ニューカッスル・ダラム英語勉強会

イングランドのニューカッスル大学およびダラム大学に留学に来ている日本人達による英語学習の一篇。

firm up

ネイティブ・スピーカーから来たメールから英語表現を拾います。

Let me know a time once your plans are firmed up.

赤字のPVですが、これは雰囲気でもわかりますね。よく身体などが「鍛える」などで使用されますが、ここでは「〜を確定する」という意味合いで使用されています。LDOCEの定義ですと"to make arrangements, ideas etc more definite and exact"とあり、つまり「煮詰める」という感じですね。

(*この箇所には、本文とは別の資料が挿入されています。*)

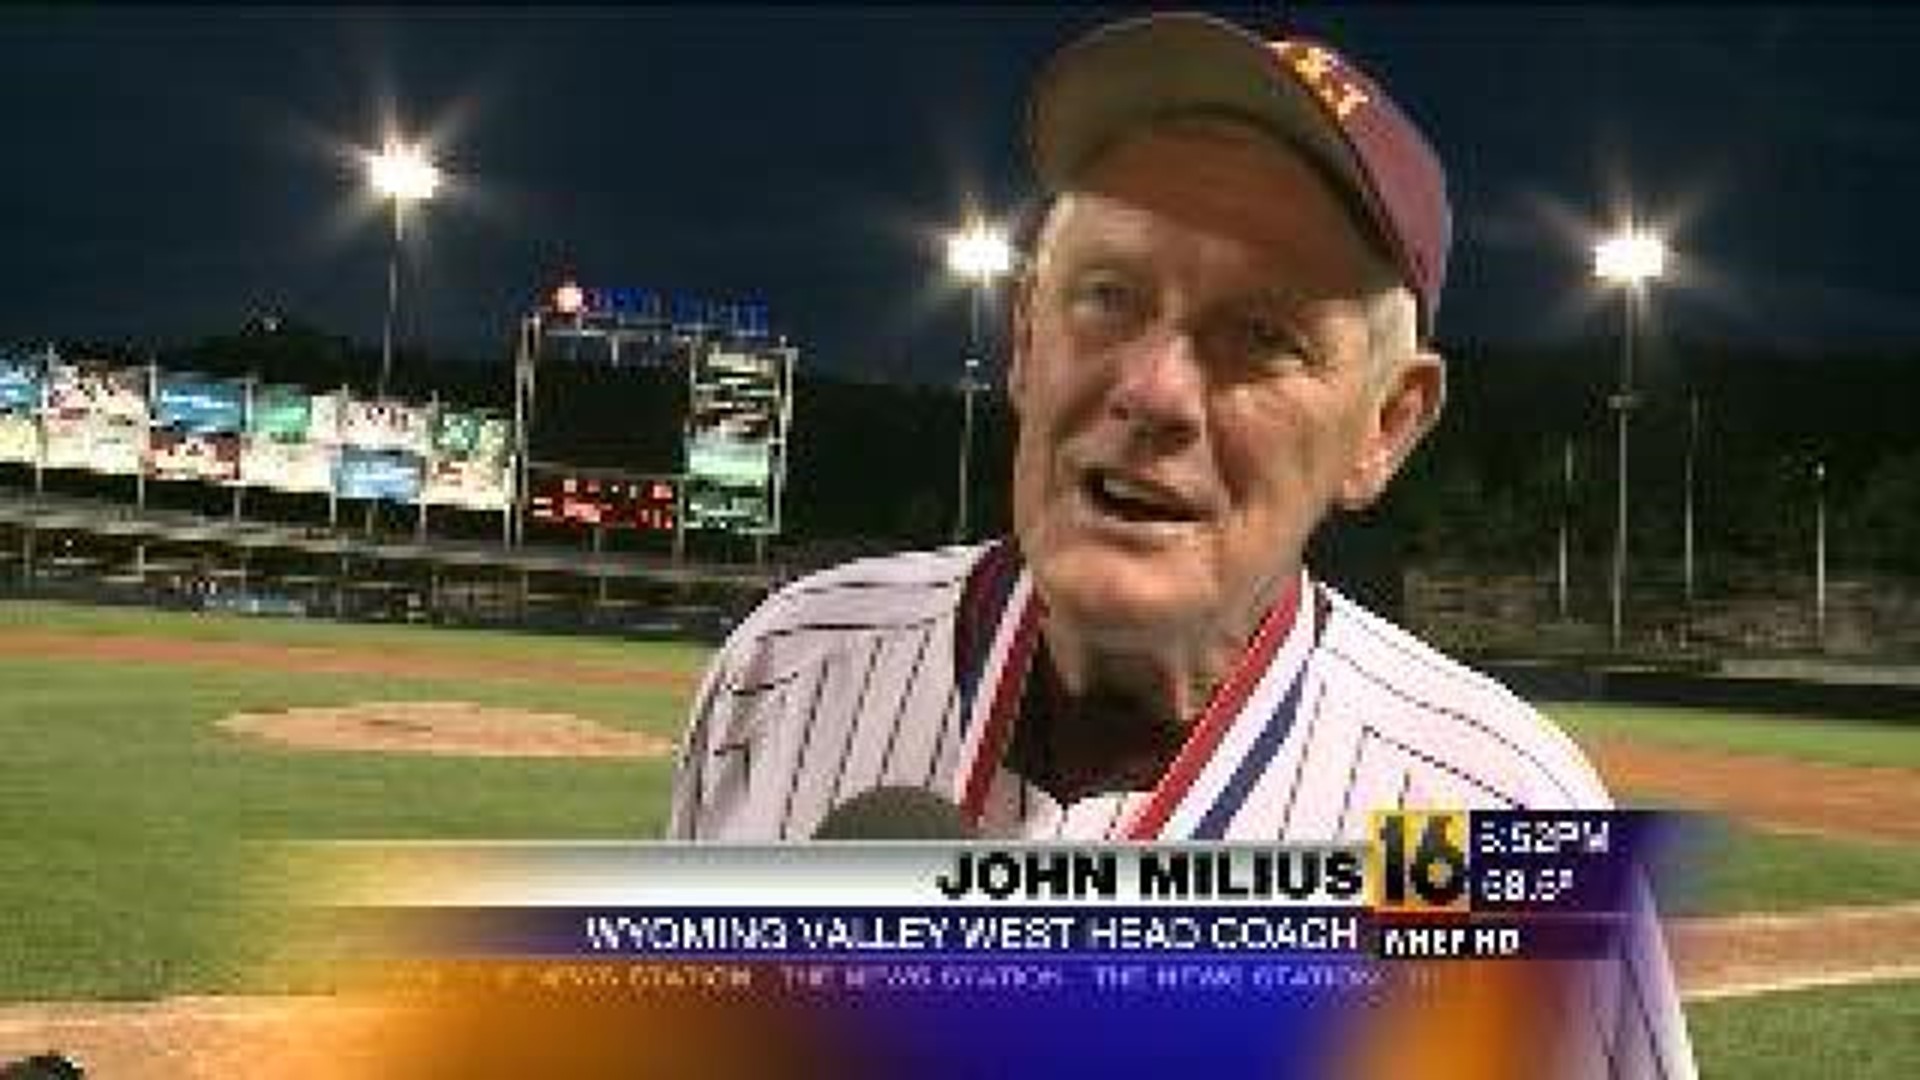 John Milius speaks about WVC baseball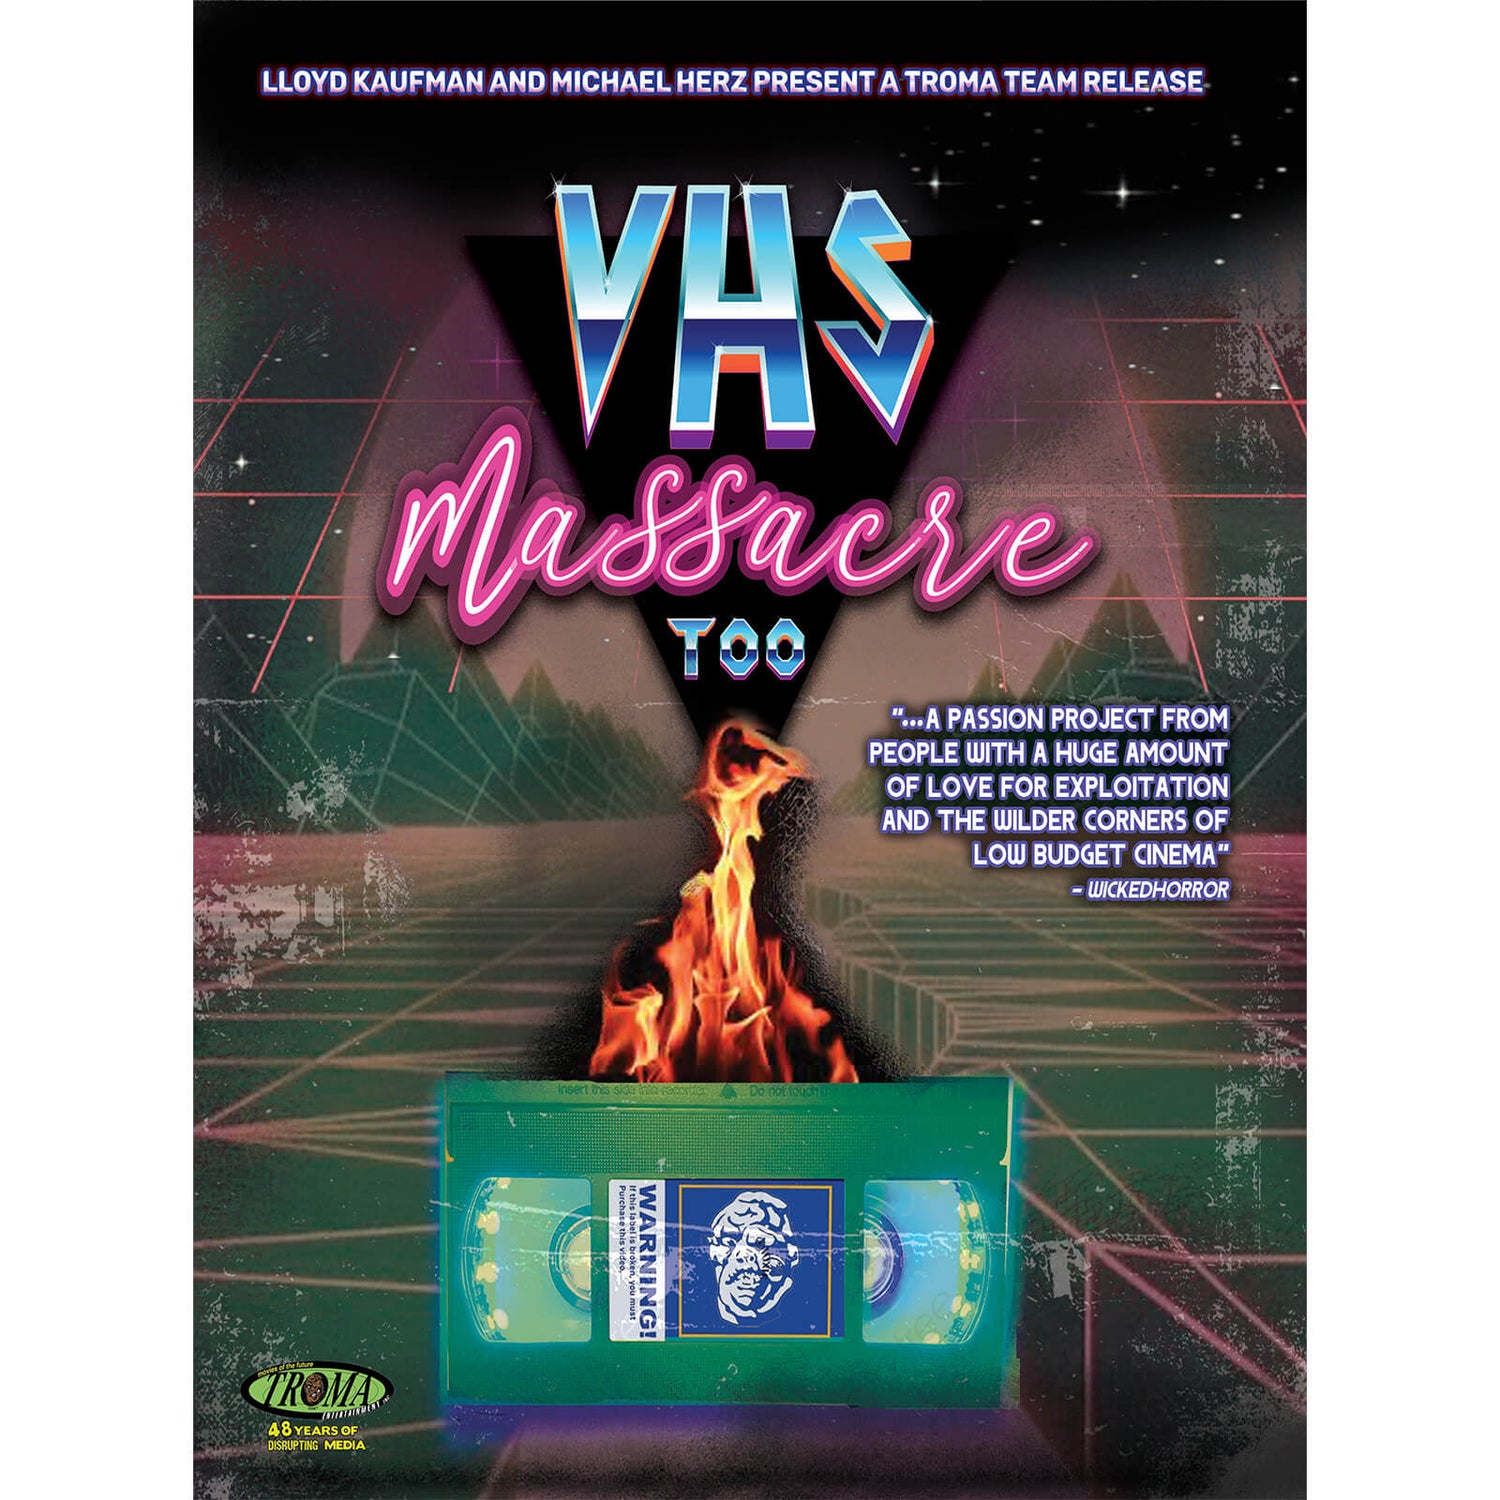 VHS Massacre Too (US Import)

余談ですが、「煮詰める」という日本語もよく「行き詰まる」という意味で使用されている例が散見されますが、本来は「議論や検討を重ねて結論を出す」という意味です。

Yusuke

wurstにかかっているもの

The Economistから表現を取り上げます。


The world economy: Weaker than it looks | The Economist

Fearing the wurst

The euro area is in a far bigger mess than the headline figures suggest because its growth has long been flattered by Germany. Italy has been in recession for two years; France’s economy has been stagnant for months. Now that Germany is in trouble, the chances of a Japan-style deflationary spiral have risen sharply. German policymakers remain pigheadedly opposed to the stimulus the euro area needs. Even as their own economy has stalled, they are determined to balance the budget in 2015. They want to force France to cut its deficit, they show little interest in a euro-wide investment scheme, and their opposition explains why the ECB is going so slowly with a bond-buying scheme to address deflation. The quantitative easing that markets expect is months off, if it happens at all.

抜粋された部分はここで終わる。